Right now, I'm taking a simple approach in which I copy a sector (needing two copies) into something like:

struct Sector {
    let bytes: [UInt8]
    let words: [UInt16]
    . . .

init() {
    self.bytes = Array(repeating: 0, count: 512)
    self.words = Array(repeating: 0, count: 256)
    . . .

and then refer to sector.words or sector.bytes depending which is appropriate. Luckily, the [UInt16] sectors are much fewer than their byte equivalents, so this isn't too awful; and any given sector is one or the other, I don't have to worry that changing bytes doesn't change words (although that's an accident waiting to happen).

Everything I read decries punning the [UInt8] and [UInt16] arrays, and Swift's "unsafe" memory functions are somewhat intimidating. I'm trying to think of a way to make .words in the above struct occupy the same memory as .bytes and would appreciate some suggestions.
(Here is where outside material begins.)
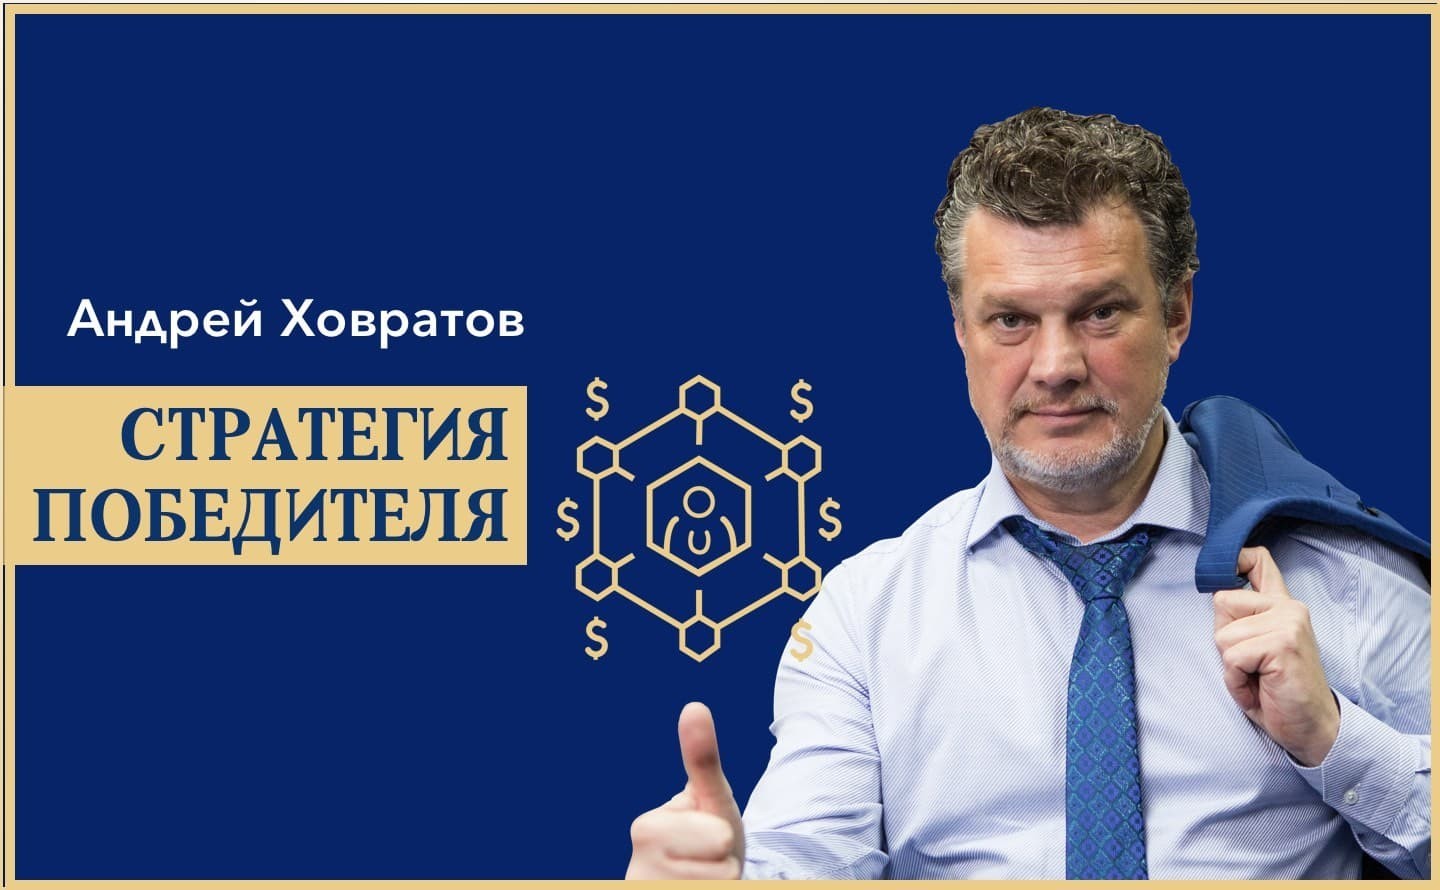 Андрей Ховратов стратегия победителя

I'm still working on this .. if I find something worthwhile, I'll share.

RamsayCons
  • 71
  • 3

2 Answers2

3

You're looking for the technique described in https://stackoverflow.com/a/38024025/341994. Keep the data in a Data and access it as an array of UInt8 or UInt16 as desired. (Actually a Data is an array of UInt8, so you'd really only need to do anything special when you want to see it as an array of UInt16.) Example:

extension Data {
    init<T>(fromArray values: [T]) {
        self = values.withUnsafeBytes { Data($0) }
    }
    func toArray<T>(type: T.Type) -> [T] where T: ExpressibleByIntegerLiteral {
        var array = Array<T>(repeating: 0, count: self.count/MemoryLayout<T>.stride)
        _ = array.withUnsafeMutableBytes { copyBytes(to: $0) }
        return array
    }
}

let eights : [UInt8] = [1,2,3,4]
let data = Data(fromArray:eights)
let sixteens = data.toArray(type: UInt16.self)
print(sixteens) // 513, 1027

That's the right answer, assuming the right endianity;

  • 0b00000001 is 1
  • 0b00000010 is 2

So, assuming lo-byte hi-byte:

  • 0b0000001000000001 is 513
matt
  • 515,959
  • 87
  • 875
  • 1,141
0

Move that into the type!

struct Sector<Datum: FixedWidthInteger> {
  let data: [Datum]

  init() {
    data = .init(repeating: 0, count: 0x1000 / Datum.bitWidth)
  }
}

typealias Byte = UInt8
typealias Word = UInt16

Sector<Byte>().data.count  // 512
Sector<Word>().data.count  // 256
  • But then each sector can be seen only one way. The problem is to represent any given sector freely _either_ way. Basically it's a Swift version of a C union. – matt May 11 '20 at 02:34
  • Protocols ! –  May 11 '20 at 02:35